_Information supplied_

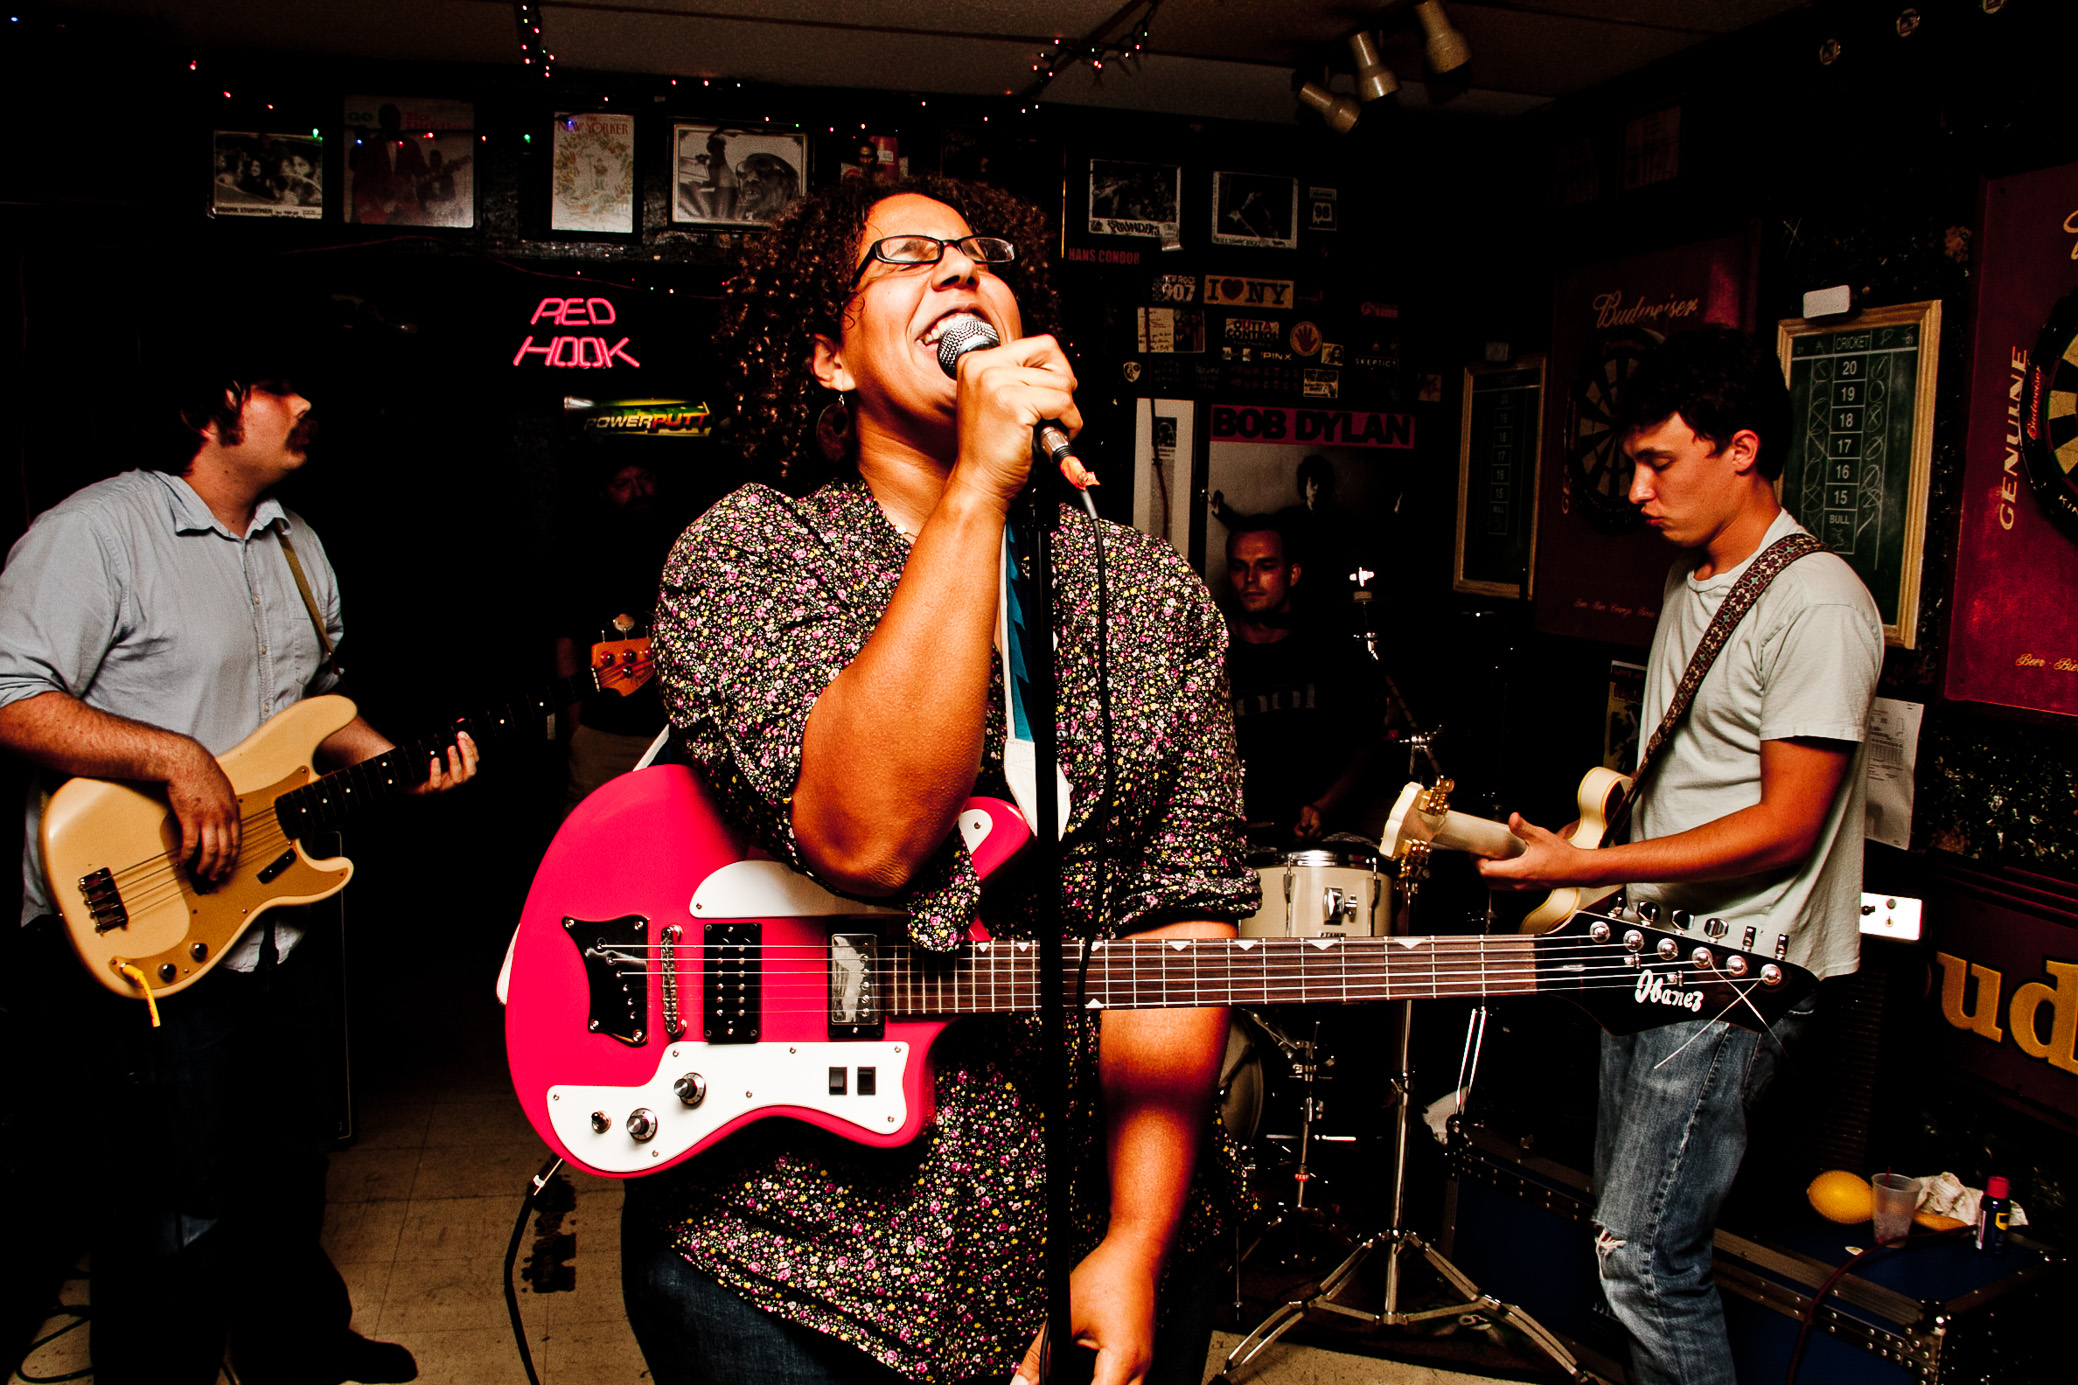 Alabama Shakes perform at Egan's Bar in Tuscaloosa, Alabama on July 10th, 2010. (Photo by David A. Smith/DSmithScenes)
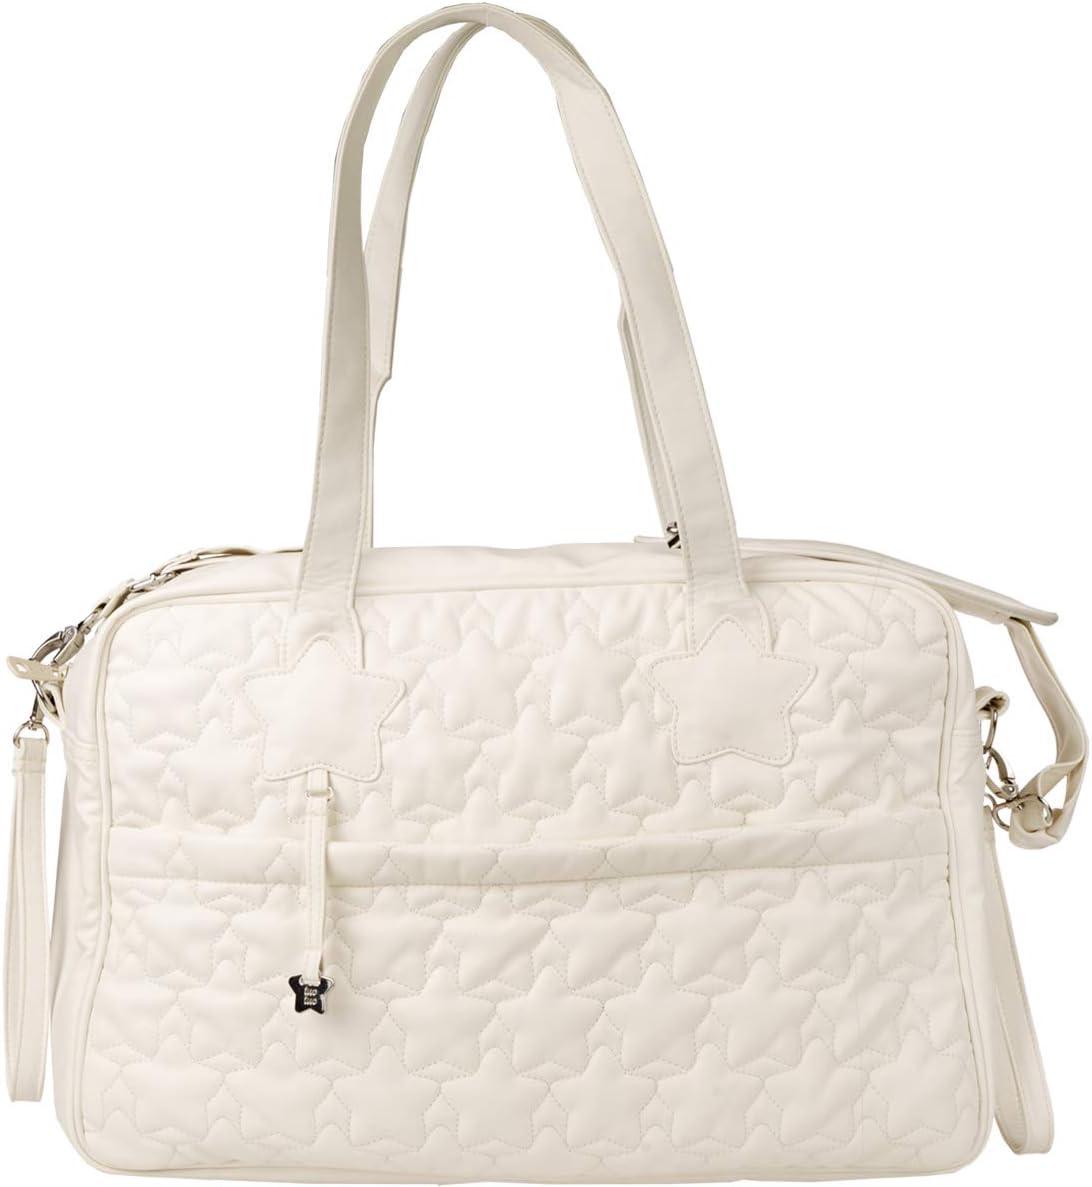 Tuc Tuc Coulant - Bolsa maternidad de polipiel, color blanco
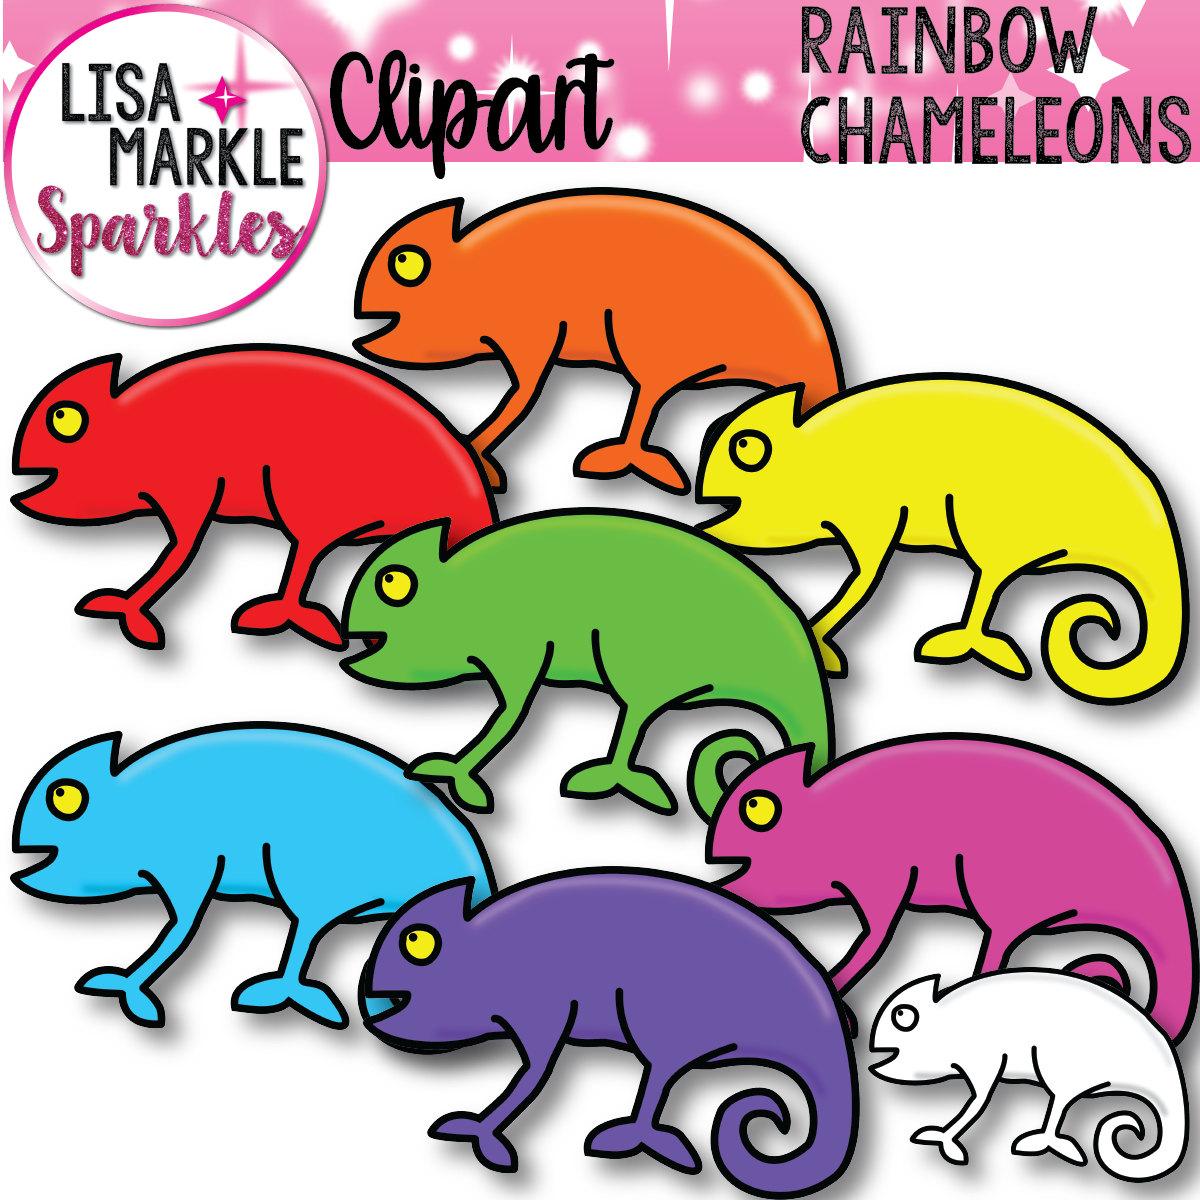 Rainbow Clipart, Chameleons Clipart, Reptile Clipart, Lizard.
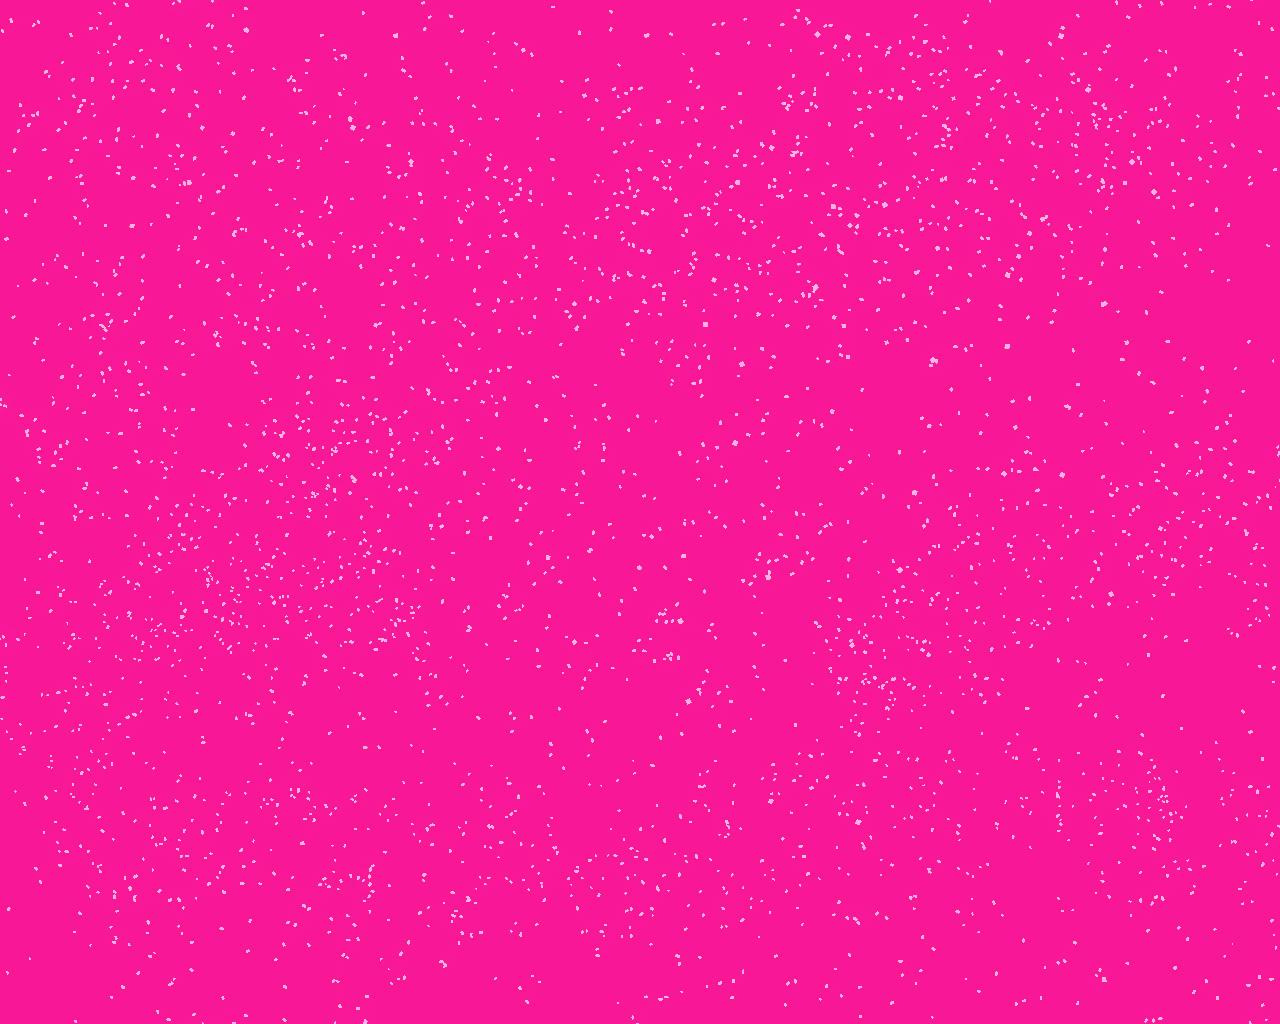 Wallpaper A Pink | Free Download Wallpaper | DaWallpaperz

_The task_
Set the listing down exactly, without its pictures.

_Answer to this exercise_
 Alabama Shakes perform at Egan's Bar in Tuscaloosa, Alabama on July 10th, 2010. (Photo by David A. Smith/DSmithScenes)
 Tuc Tuc Coulant - Bolsa maternidad de polipiel, color blanco
 Rainbow Clipart, Chameleons Clipart, Reptile Clipart, Lizard.
 Wallpaper A Pink | Free Download Wallpaper | DaWallpaperz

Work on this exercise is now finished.